Любопытен финал этого эпизода. Вот тут как раз и срабатывает стиль «лаборант». Виталий Сирота делает неожиданный для читателя вывод, с которым читатель, подумав, может согласиться. Никаких инвектив по адресу честного карателя, ничего не укравшего, никаких цитат типа «…но ворюги мне милей, чем кровопийцы». Нет-нет, ничего подобного, ибо с бывшим «динамовцем» и его моральными принципами и так все понятно: клиент очерчен. Вывод совершенно другой: «Одна из причин того, что многим в России сегодня, в послеперестроечное время, те времена милее, может, состоит именно в том, что деятели репрессивного аппарата тех лет были ненамного богаче остального населения и в этом смысле являлись „своими“. Если даже в домашнем шкафу у чекиста висело много чернобурок сомнительного происхождения, то это тоже было понятно и в каком-то смысле близко и простительно. Чекист ходил под тем же роком, что и остальные люди, и завтра мог сам оказаться заключенным. Видимо, многим в России небогатый угнетатель милее сегодняшнего удачливого, богатого предпринимателя или политика, тем более что чистота их богатства часто сомнительна. Шкаф с чернобурками у соседа-чекиста видела девочкой моя жена Татьяна, игравшая с соседской дочерью. Татьяна запомнила этот шкаф на десятилетия. Родители Татьяны не одобряли эту дружбу и советовали ей обходить тот дом стороной».
Между тем в этом коротком отрывке тоже очень многое немногими штрихами очерчено. Чего стоит предложение насчет неодобрения дружбы и огибания дома чекиста и его шкафа стороной! Это умение вновь и снова связано с опытом человека, много экспериментировавшего в лабораториях и написавшего много отчетов об этих опытах. В этих отчетах не растечешься «мысию по древу». Кратко и точно: что сделано, какие процессы пошли, какие выводы. Умение наблюдать и считать никогда не покидает Виталия Сироту.
«Немного о материальной стороне жизни в шестидесятые годы. Студенческая стипендия была 30–40 рублей. Пообедать в очень неплохой университетской студенческой столовой стоило 50 копеек. Комплексный обед – типовой, из трех блюд, вроде сегодняшнего бизнес-ланча, – был и того дешевле. Кофе в уютной кофейне под столовой – 14 копеек, пирожное – 22. Зарплата младшего научного сотрудника без ученой степени была около 120 рублей. Между прочим, такая же пенсия была у моих родителей, и надо сказать, что пожилым людям этих денег в основном хватало. Билет в купейный вагон до Москвы на фирменный поезд, например „Красную стрелу“, стоил около 12 рублей, то есть на зарплату младшего научного сотрудника можно было десять раз съездить в Москву или около двухсот раз неплохо пообедать. Сегодня зарплаты младшего научного сотрудника хватает примерно на 3–5 поездок в Москву или 50–80 обедов. По этой грубой оценке уровень жизни интеллигенции упал более чем в два раза.

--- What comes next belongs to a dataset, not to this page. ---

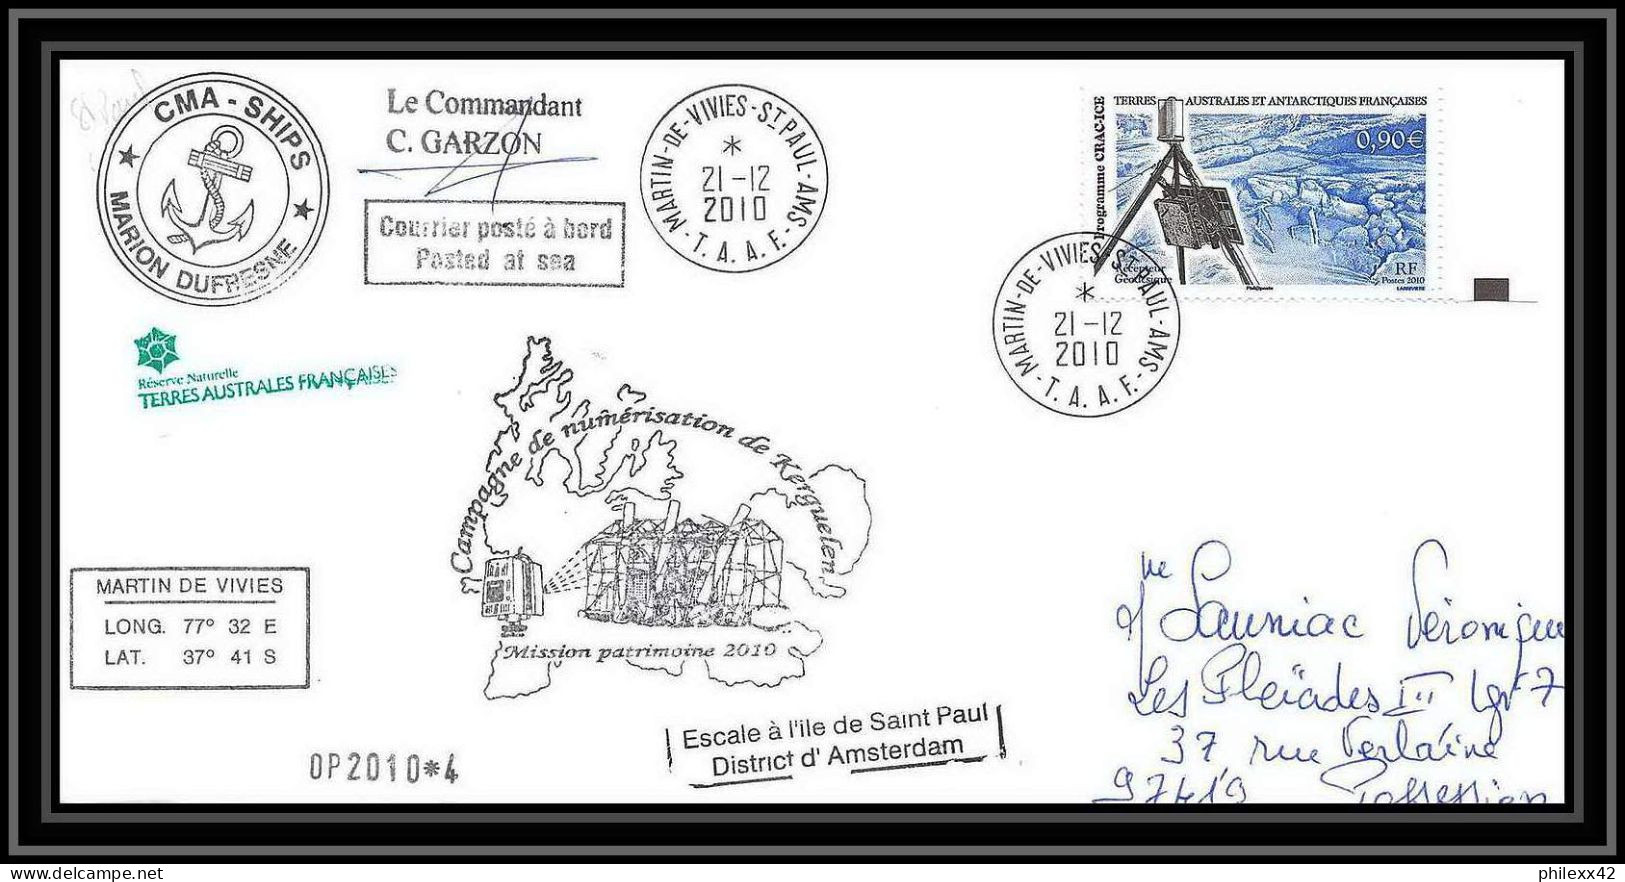 3062 Helilagon Dufresne Signé Signed Op 2010/4 St Paul 21/12/2010 N°559 ANTARCTIC Terres Australes (taaf) Lettre Cover - Helicópteros
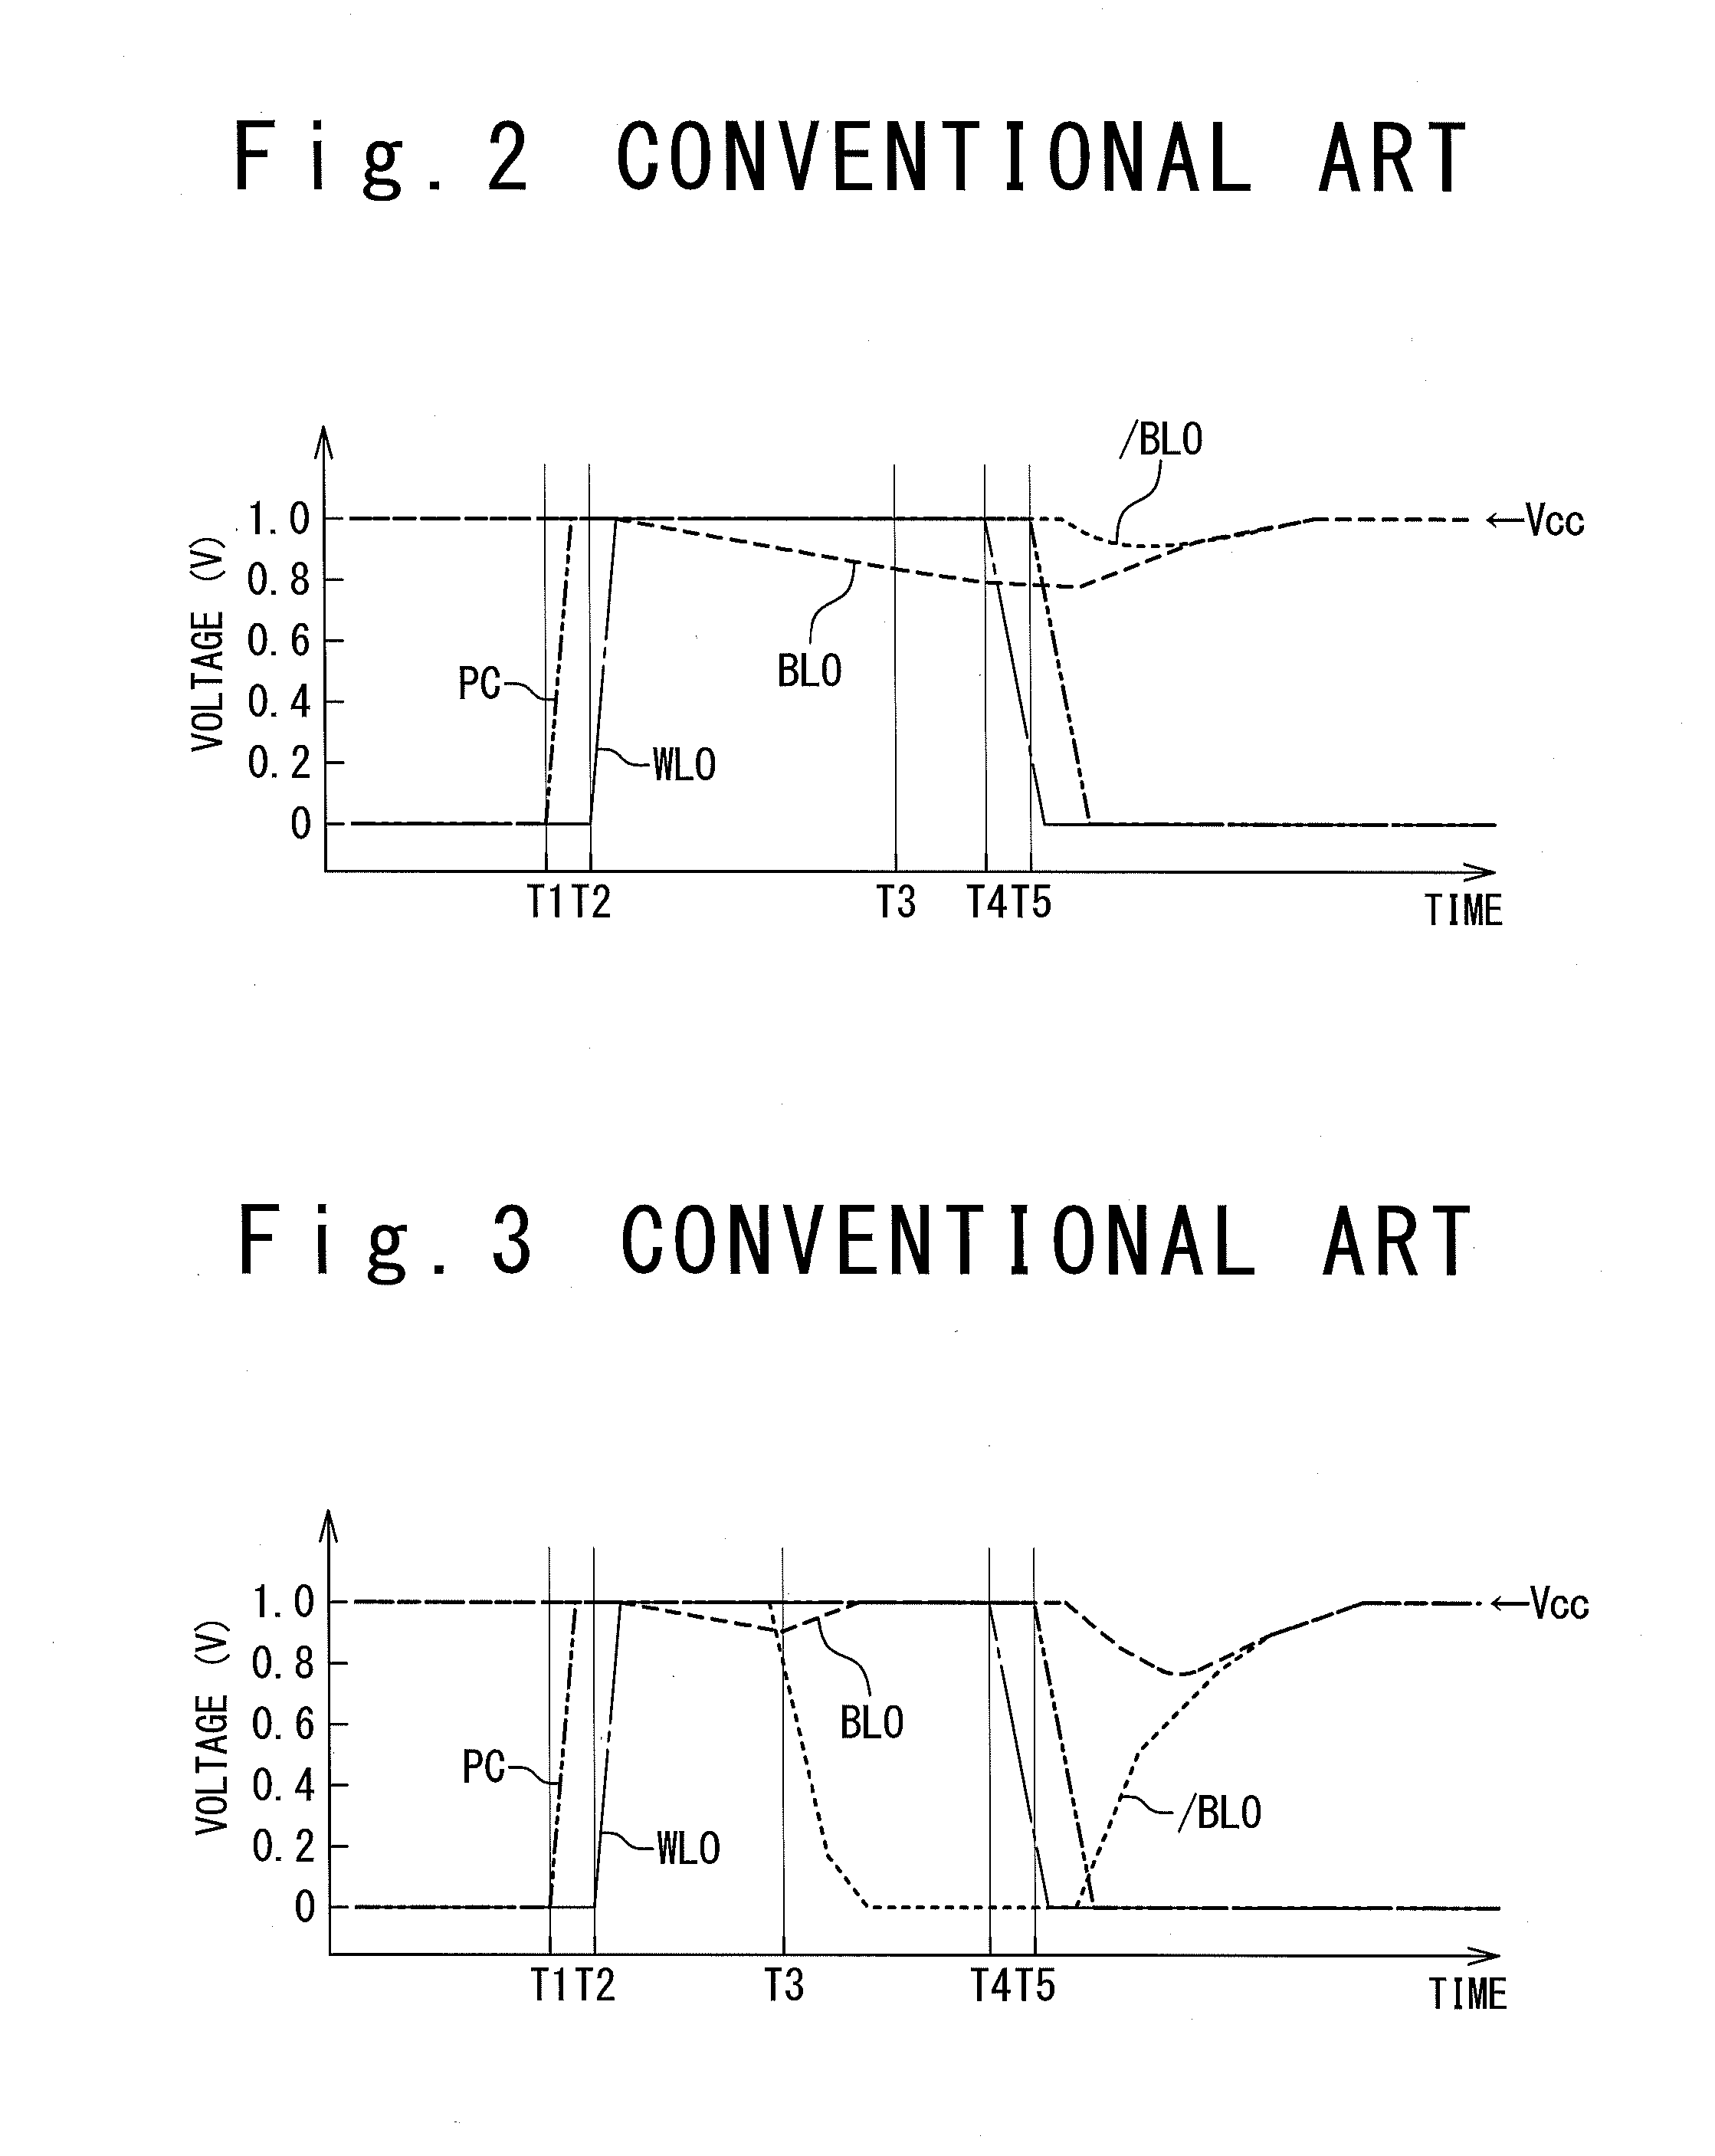 SRAM and method for accessing SRAM

А ведь в СССР и так жили небогато. Денег явно не хватало, особенно молодежи. Я и мои друзья подрабатывали репетиторством, летними выездами на строительные работы в сельскую местность или разгружая железнодорожные вагоны. Это называлось шабашкой, а работники, соответственно, шабашниками. Я постоянно репетиторствовал».
В двух абзацах очерчена целая, прямо скажем – непростая, социально-экономическая ситуация. Это умение подкупает в авторе мемуаров. Он – зоркий наблюдатель. Он замечает и запоминает все, что достойно замечания и запоминания. Вот он описывает вологодскую деревню 60–70-х годов XX века, в которой отдыхал каждое лето с семьей. «Дома казались остатками исчезнувшей цивилизации. Не знаю, насколько хороша была та цивилизация, но жизнь там, похоже, была налаженной. В больших двухэтажных домах оставались целыми внутренние основательные деревянные лестницы с перилами из изящных резных балясин. Разглядывая их, понимаешь, что вытачивались они в деревенских условиях. В некоторых домах сохранились даже внутренние бани для женщин – мужчины мылись в баньках у реки. <…> Помню табличку на одном из домов, извещавшую, что дом застрахован в каком-то дореволюционном страховом обществе. Металлические дверные петли, крючки, оконные запоры – вся фурнитура, как сказали бы сейчас, – были ручной работы. <…> На чердаках валялись части домашних ткацких станков, старинной кухонной утвари, конской упряжи».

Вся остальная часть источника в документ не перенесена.